Bilder einer Reise durch Zeit und Raum
Die Bilder erzählen von einer Reise, scheinen oftmals aus einem fahrenden Zug oder einem Auto aufgenommen zu sein. Sie zeigen Blicke auf Landschaften, die immer wieder durch kahle Äste im Vordergrund geprägt werden. Regelmäßig sind in die Bildfolge Porträts eingestreut. Offenkundig solche neueren Datums, die in Farbe fotografiert sind, aber auch solche, die aus alten Alben zu stammen scheinen.

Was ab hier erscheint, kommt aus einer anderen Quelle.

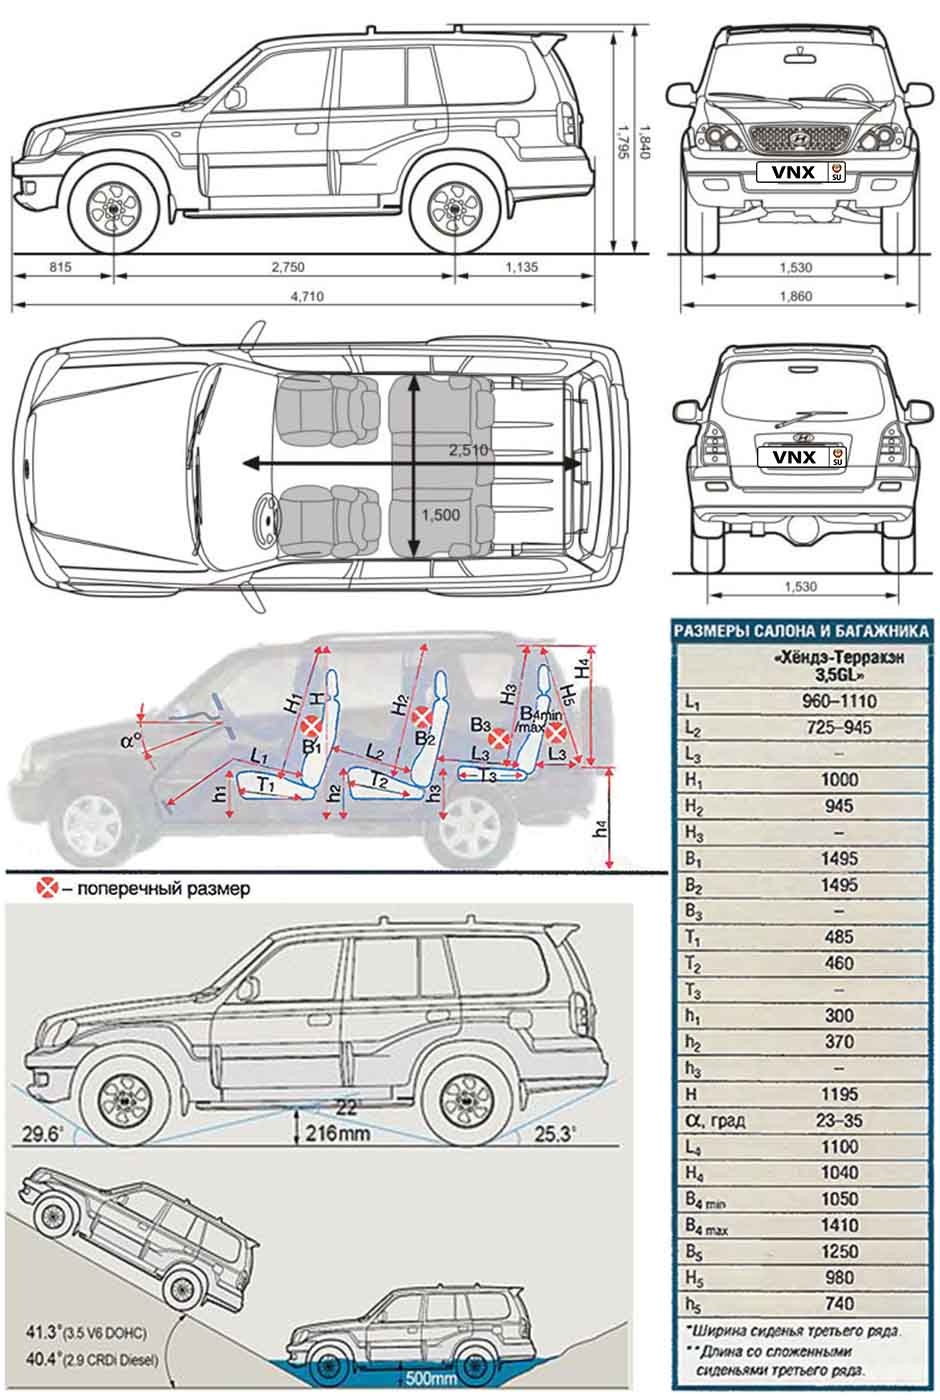 Габаритные размеры Хундай Терракан 2001-2007 (dimensions Hyundai Terracan HP)

Viele der alten Fotografien weisen Beschädigungen auf, die nicht wegretuschiert wurden, sondern den Objektcharakter dieser Abbildungen betonen, da sie quasi die Bildträger mitabbilden. Es fällt auf, dass diese Porträts aus vergangenen Zeiten nie auf einer Doppelseite mit den neu erstellten Porträts auftauchen. Die Seite dazwischen, die weißen Flächen lassen Raum für die konzentrierte Betrachtung der abgebildeten Personen und deuten zugleich auf den zeitlichen Abstand zwischen der Entstehung der Aufnahmen hin. Denn diese faszinierende Reise durch Zeit und Raum, welche das Buch dem Betrachter ermöglicht und auf ganz eigenwillige Weise visualisiert, erfolgt behutsam. Trotz aller Sprünge, zeitlich vor und zurück oder auch geografisch in jeglicher Richtung (mehr als zwei nicht weiter erklärte Übersichtskarten, eine davon eine Zeichnung auf einem Notizblock, gibt es nicht zur räumlichen Orientierung), sucht Borissova selbst in den Bildern von aus dem Wasser ragenden Kirchtürmen nicht die Sensation.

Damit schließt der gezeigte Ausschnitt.